> **EXERCISE DATA**:
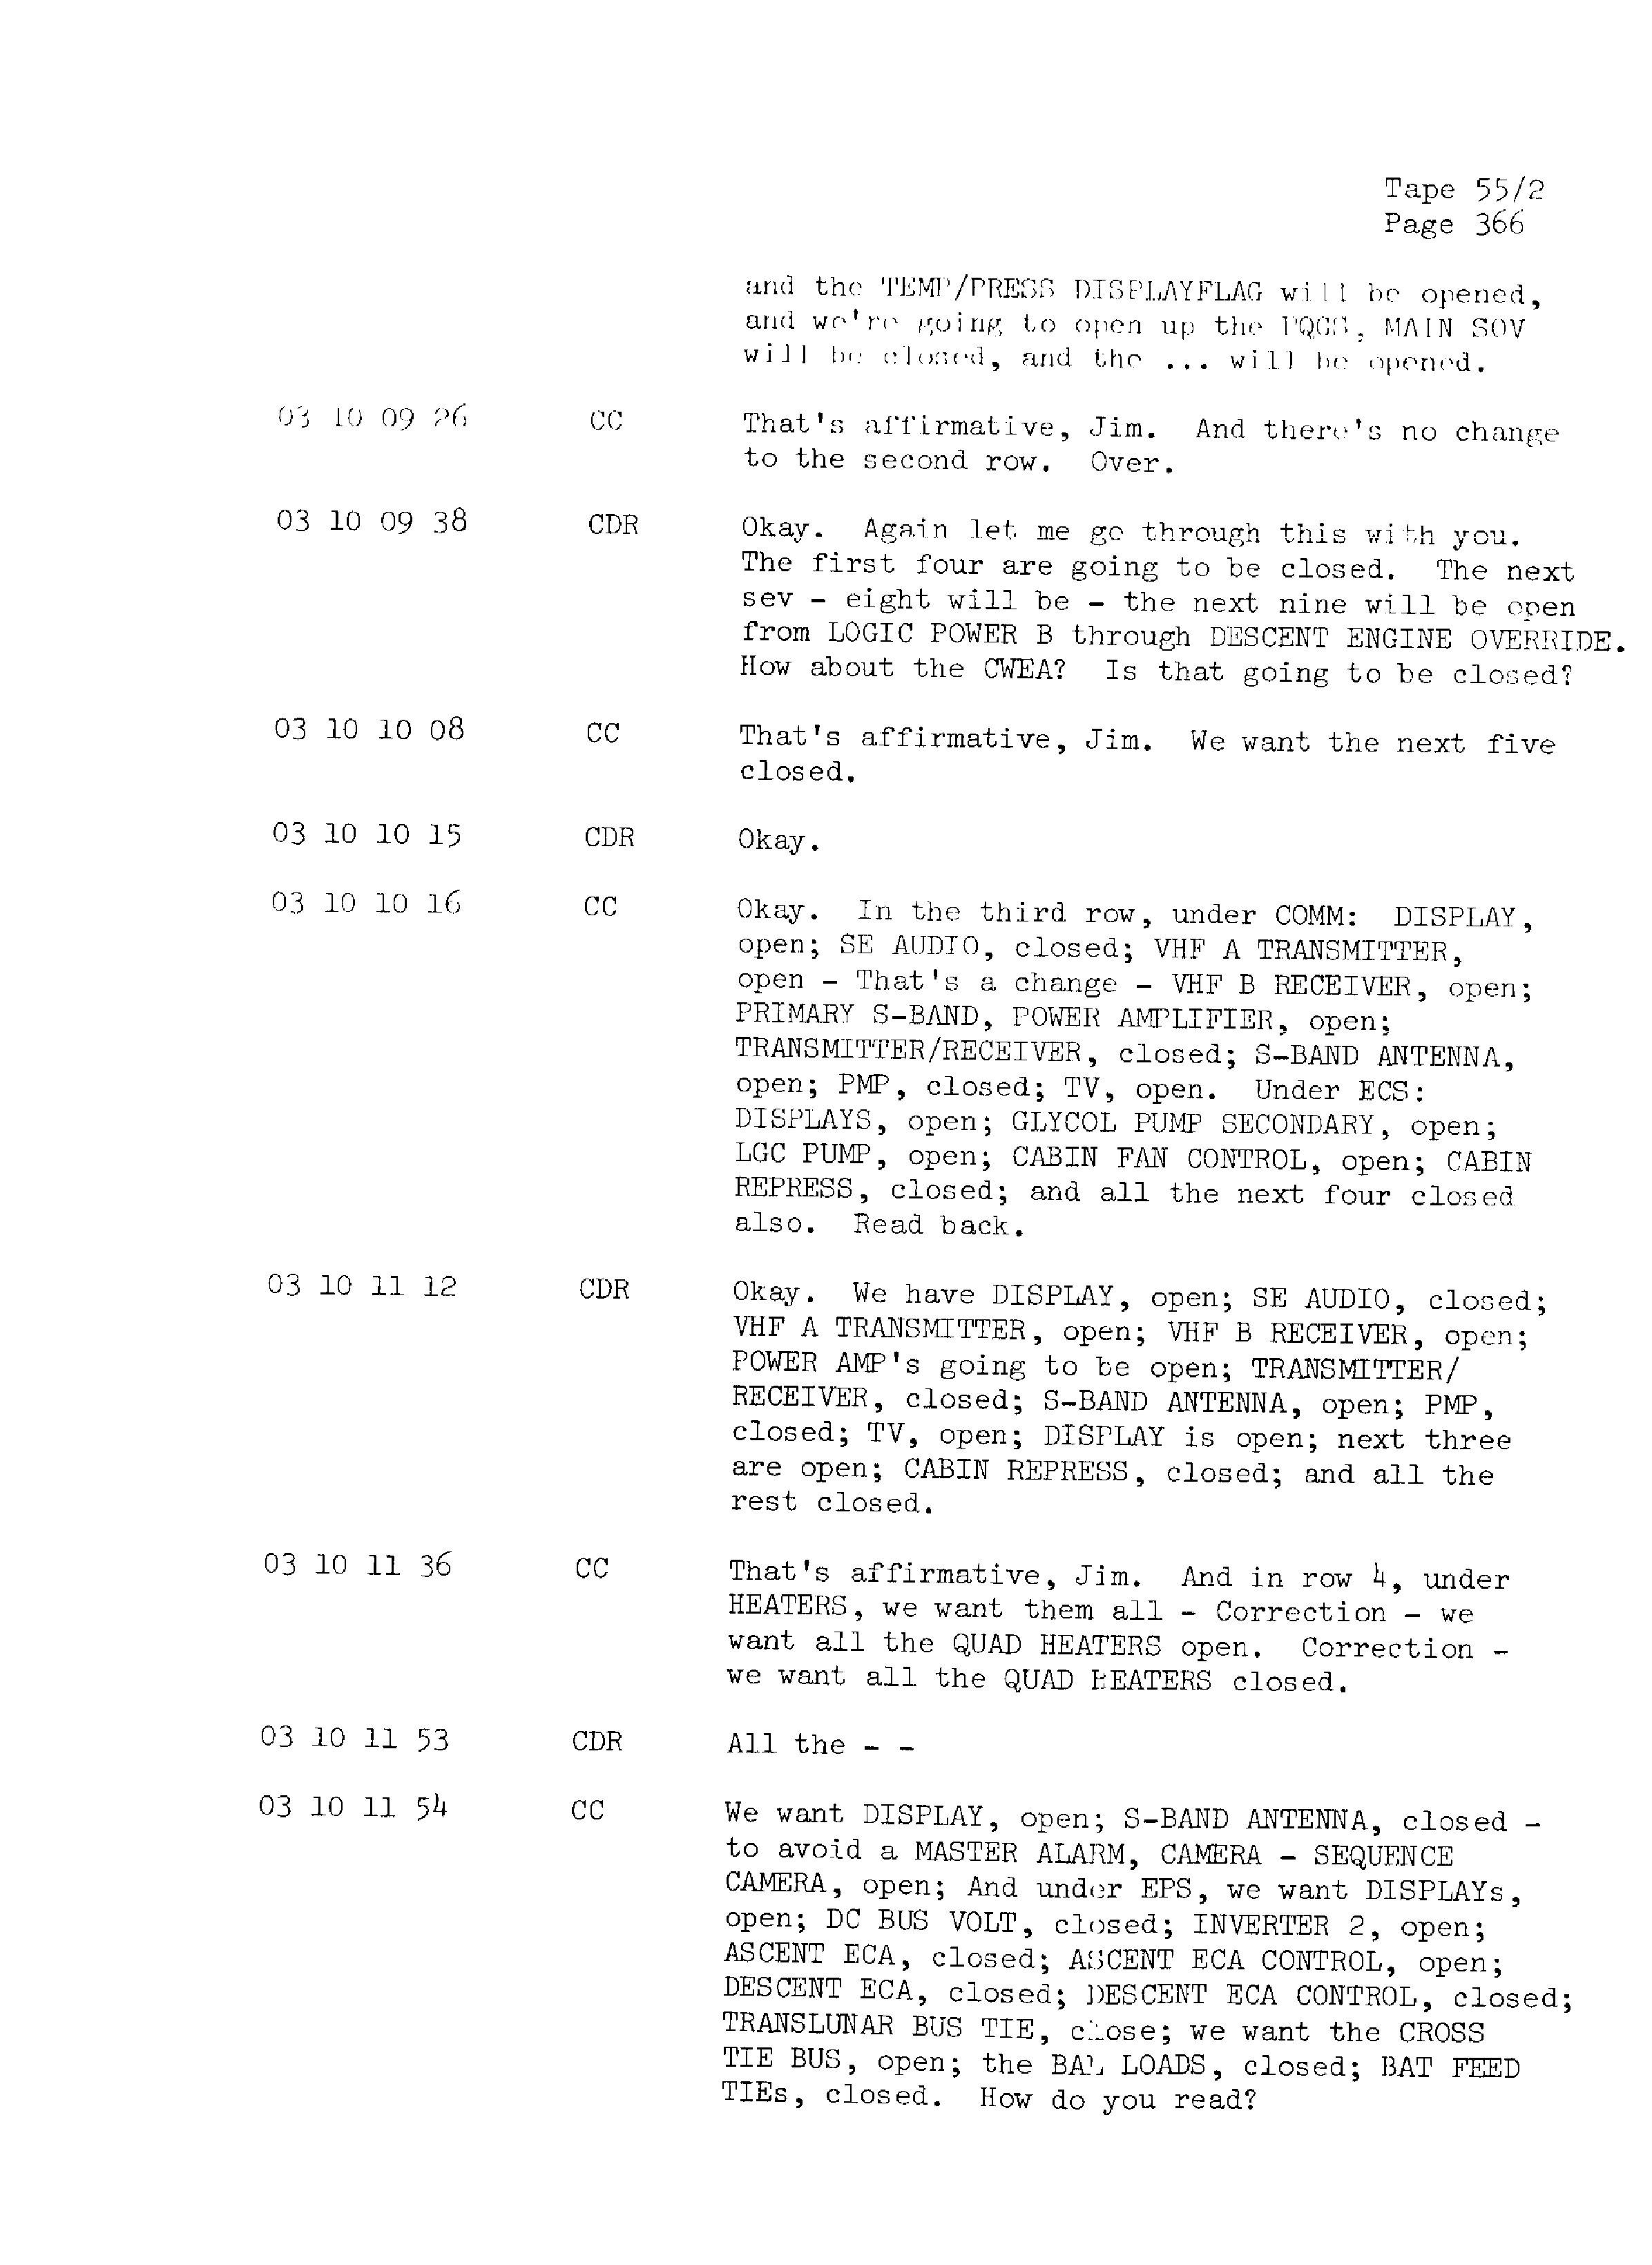 Page 373 of Apollo 13’s original transcript
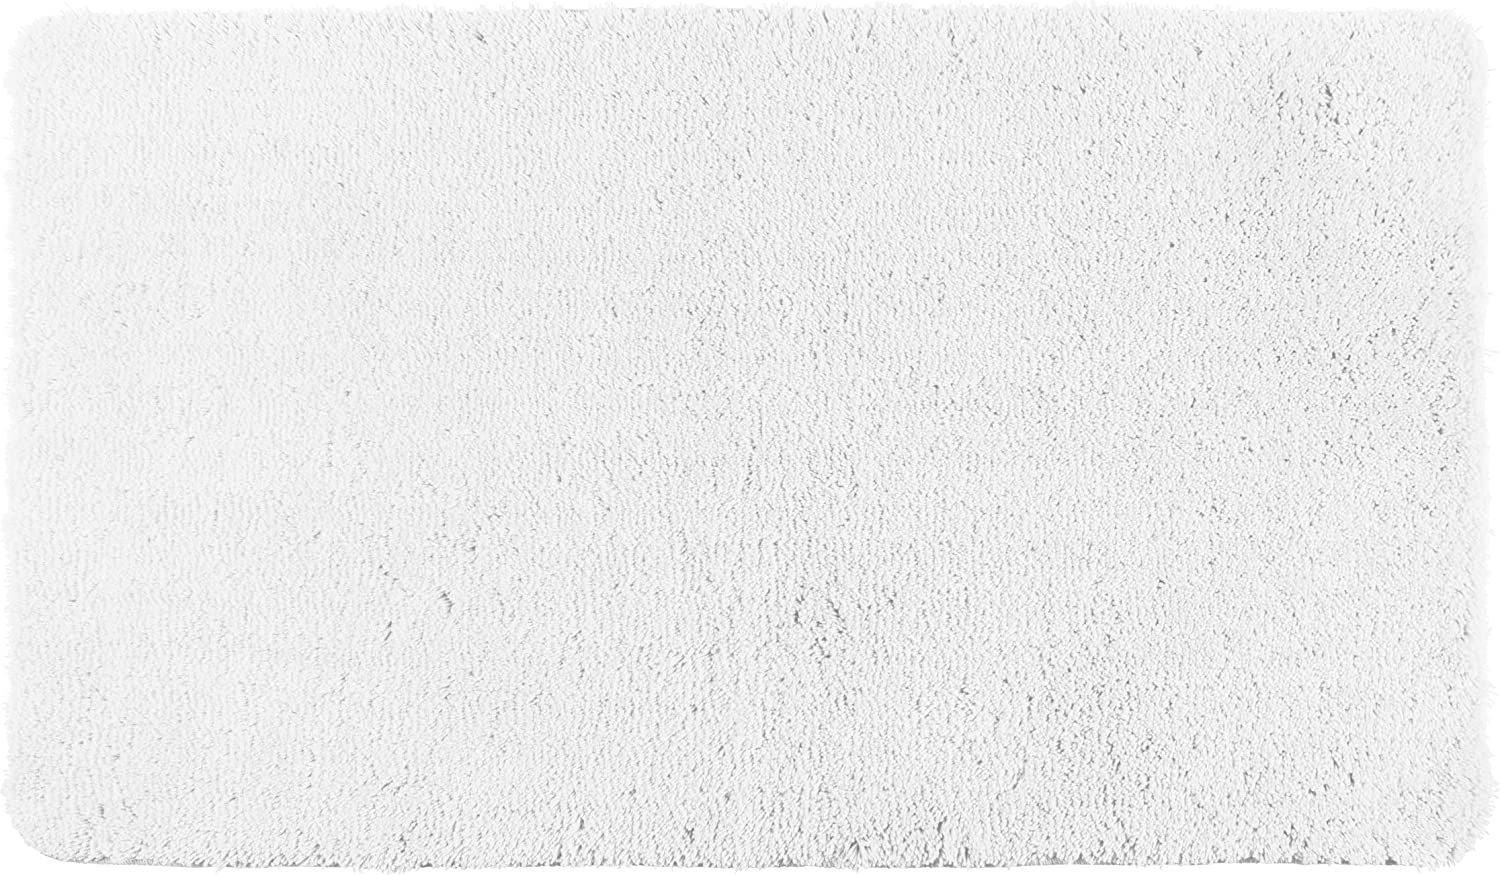 Badteppich Belize Weiß, 55 x 65 cm - Badematte, sicher, flauschig, fusselfrei, Polyester, 55 x 65 cm, Weiß
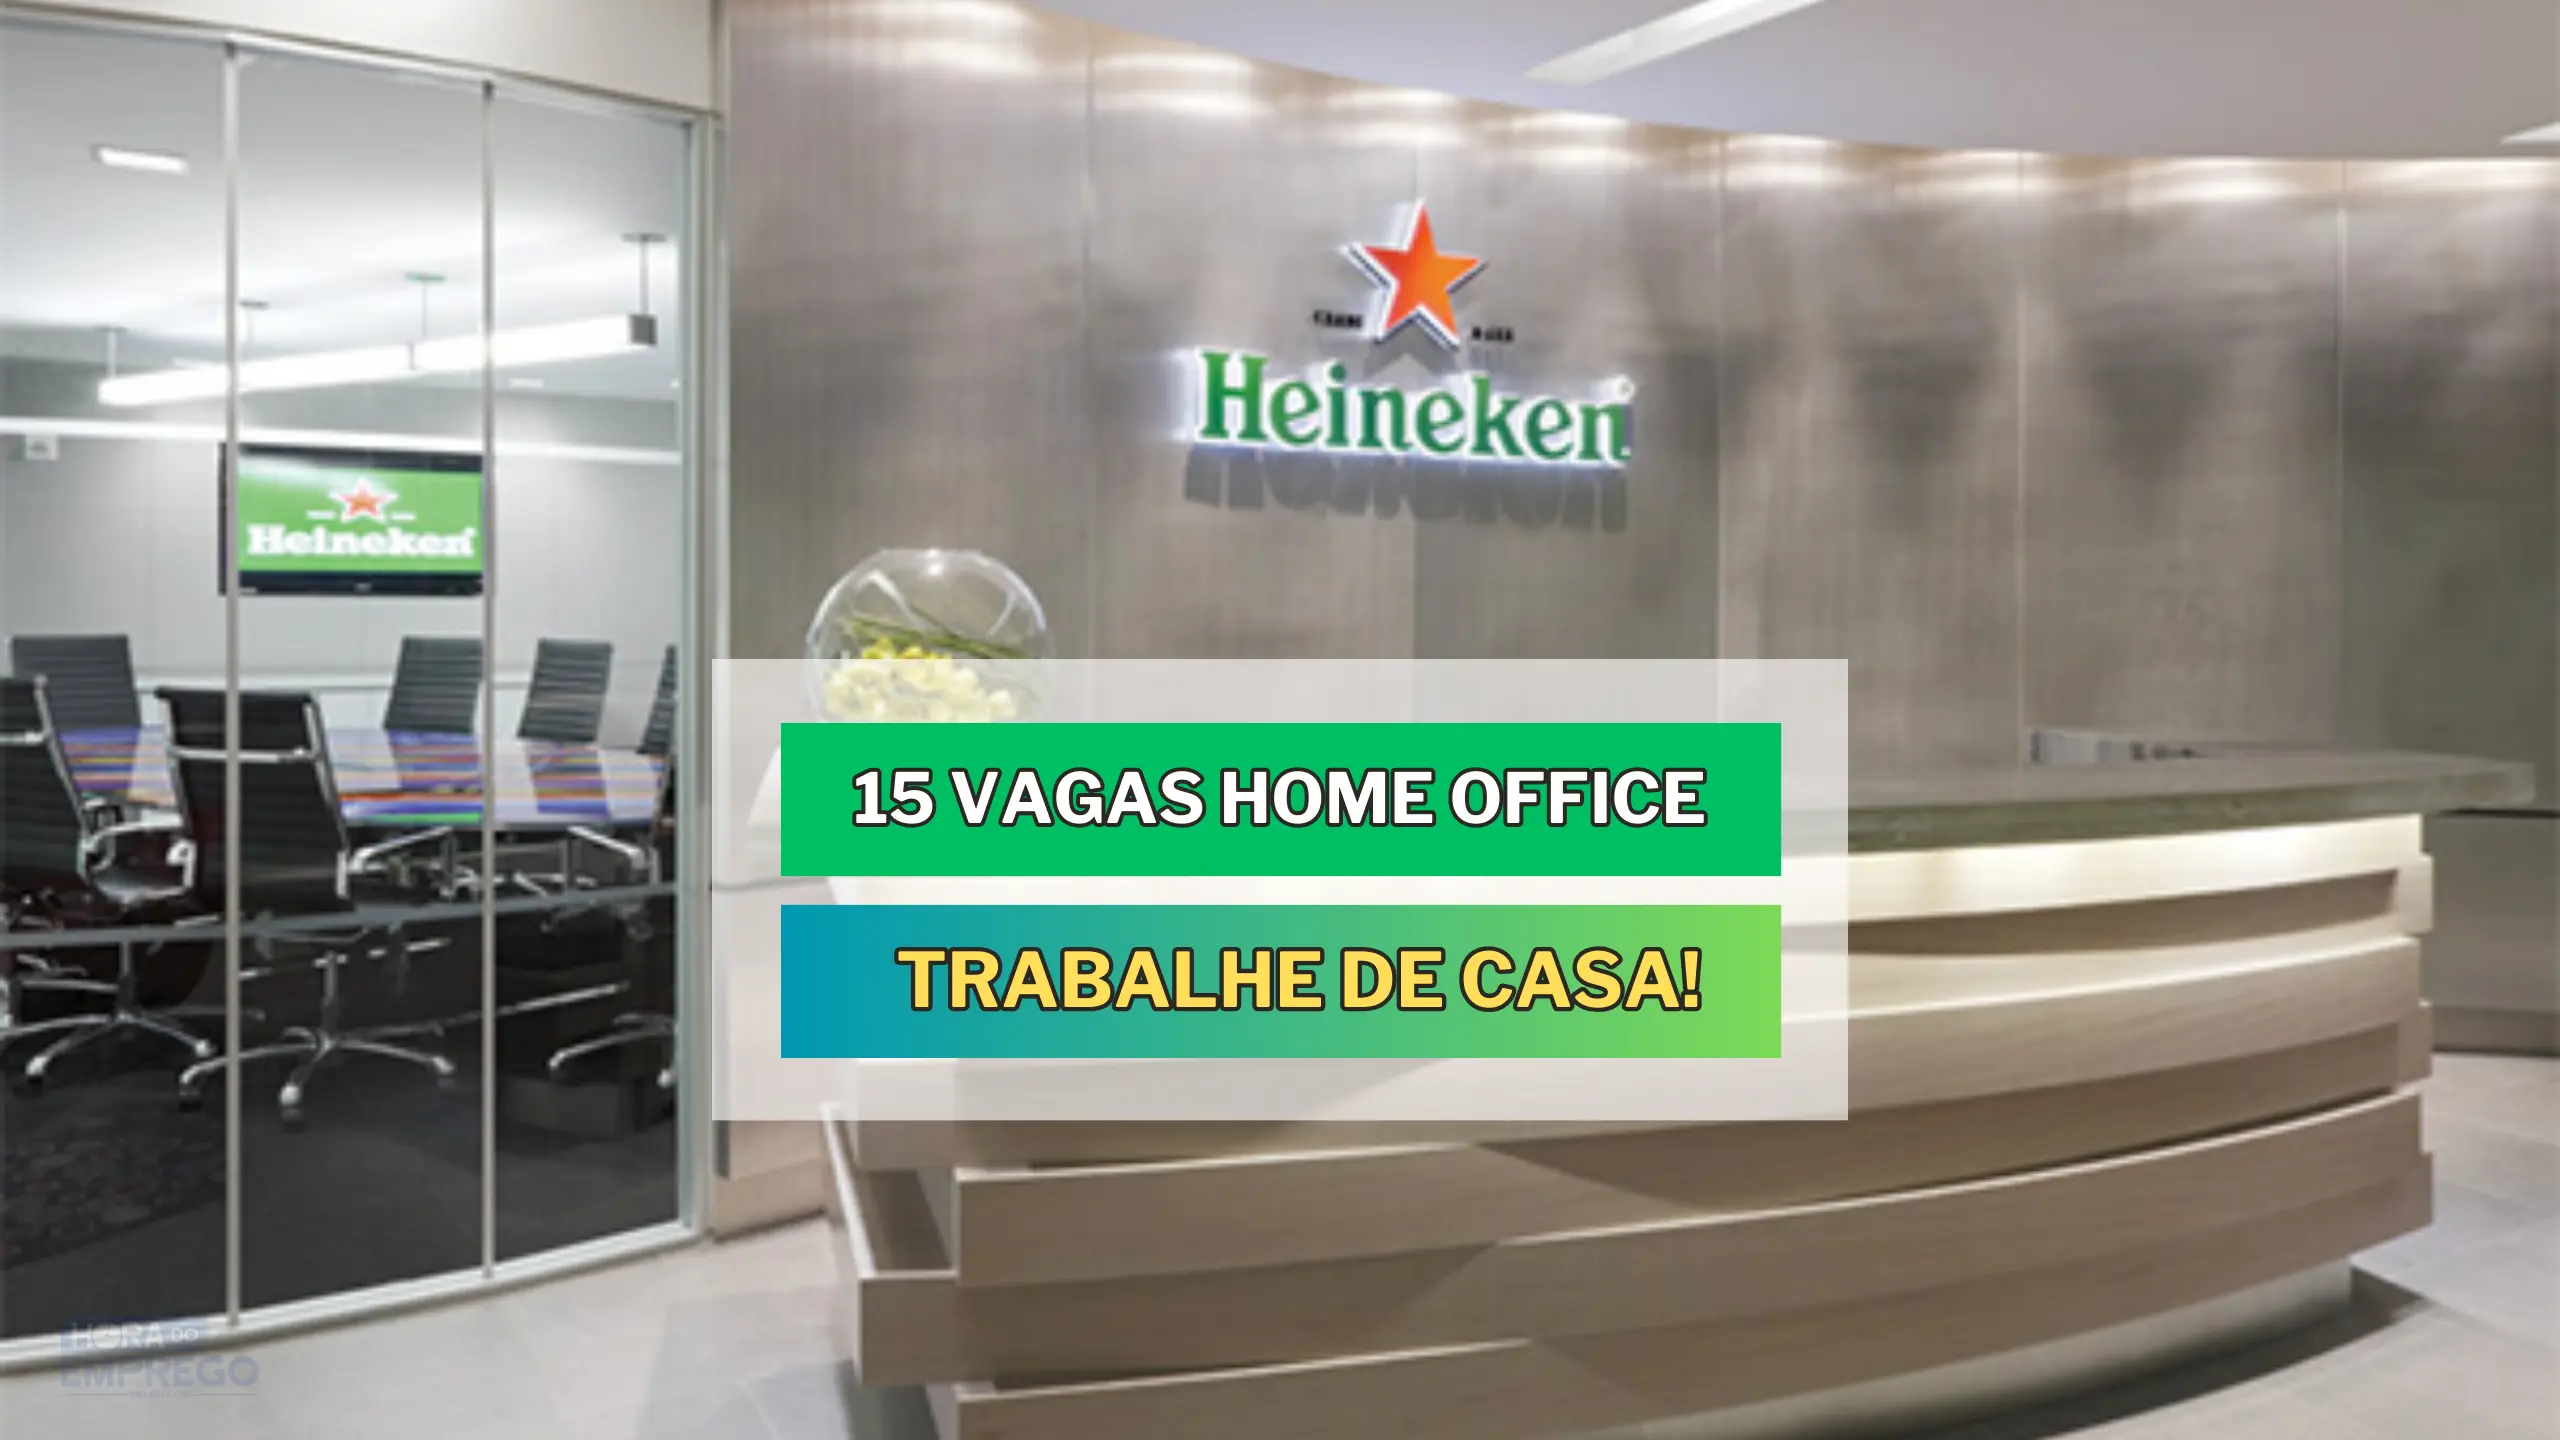 HEINEKEN abre 15 vagas 100% HOME OFFICE para TRABALHAR DE CASA no setor de Gestão de Processos

> **WHAT YOU HAVE TO DO**: With pictures excluded, restate word for word the lines from the one that contains "Badteppich Belize Weiß, 55" through the end of the material, inclusive, and nothing more.

> **EXPECTED ANSWER**:
 Badteppich Belize Weiß, 55 x 65 cm - Badematte, sicher, flauschig, fusselfrei, Polyester, 55 x 65 cm, Weiß
 HEINEKEN abre 15 vagas 100% HOME OFFICE para TRABALHAR DE CASA no setor de Gestão de Processos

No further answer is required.